Los avances sociales en las democracias modernas se produjeron en parte porque empezamos a definir como injustas cosas que antes se consideraban producto del azar o la mala suerte. Si alguien no puede acceder a un edificio porque va en silla de ruedas, no es el resultado de una privación suya sino un déficit del edificio. Hoy, sin embargo, hay interés en cambiar la naturaleza del debate político. Se hace, por ejemplo, cuando se demoniza el papel del Estado como el ente opresor que nos encerró en la pandemia, o cuando lo proyectamos únicamente como un organismo paternalista que estará siempre ahí después de que suframos un daño. Pasar como un péndulo del punitivismo al paternalismo nos impide ver su función principal: prevenir las amenazas a nuestro bienestar mediante políticas activas que no solo nos protejan, sino que nos permitan hacer cosas. Desde hace unos años, una corriente ideológica de corte ayusista se esfuerza por evitar que veamos que el Estado tiene el propósito activo de favorecer la justicia, no el de interferir en nuestra libertad, aunque para favorecer nuestro bienestar a veces sea necesario que las instituciones democráticas tengan poder coercitivo. El discurso falaz sobre la libertad es la excusa para reestructurar nuestro sistema impositivo, reducir la inversión en infraestructuras, fomentar burocracias ineficientes y reducir formas de asistencia sanitaria. Sabemos bien quién ha provocado la merma de muchas de las capacidades que tenían nuestras instituciones para responder a problemas que afectan a nuestro bienestar y a nuestra propia vida.
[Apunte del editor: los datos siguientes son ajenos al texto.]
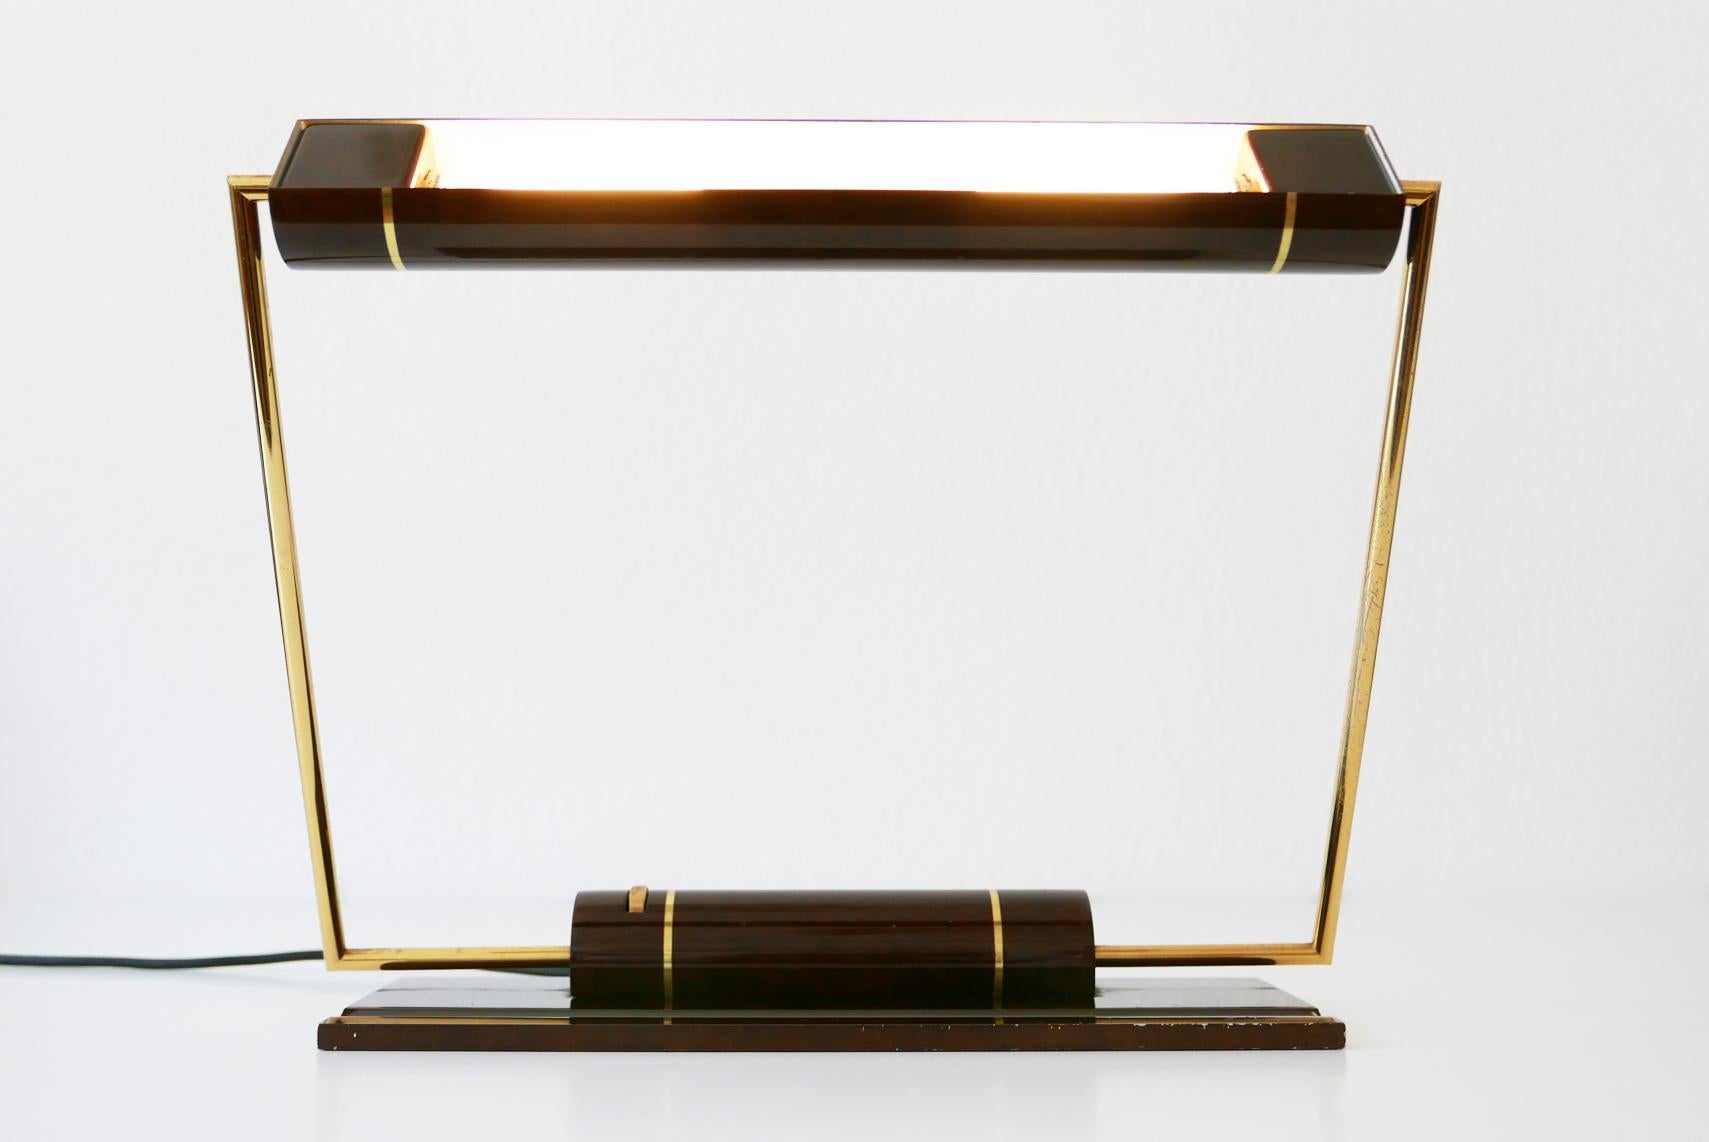 American Exceptional Modernist Banker Desk Light or Table Lamp by George Kovacs USA 1980s

Más allá de las medidas económicas, hay un modelo de sociedad que enfrenta su idea de libertad con la de responsabilidad y solidaridad compartidas. Desconfiemos de esa falacia argumentativa, pues la responsabilidad es precisamente la base de nuestra libertad como individuos. Estar frente a un otro vulnerable me obliga a mirarle a los ojos; me sitúa en un lugar que llama a mi responsabilidad, acaso de forma frágil, pero consistente. Identifiquemos los discursos públicos animados por el resentimiento. Ahí estaba Mazón y su manifiesta incompetencia hasta ayer, y sin embargo la tragedia le hizo distanciarse del peligroso discurso de Feijóo. El líder de la oposición se ha sumado a las reacciones públicas que buscan chivos expiatorios soñando con un improbable castigo o estigmatización, la catarsis de indignación que le llevaría a la Moncloa. Esa retórica, casi trumpista, genera respuestas defensivas y divide a las sociedades fomentando el escepticismo en lugar de la cooperación, y evitando que nos centremos en las instituciones y políticas que hay que cambiar. Desconfiemos de quien se aprovecha de nuestra indignación. Ahí no hay promesa ni compromiso alguno.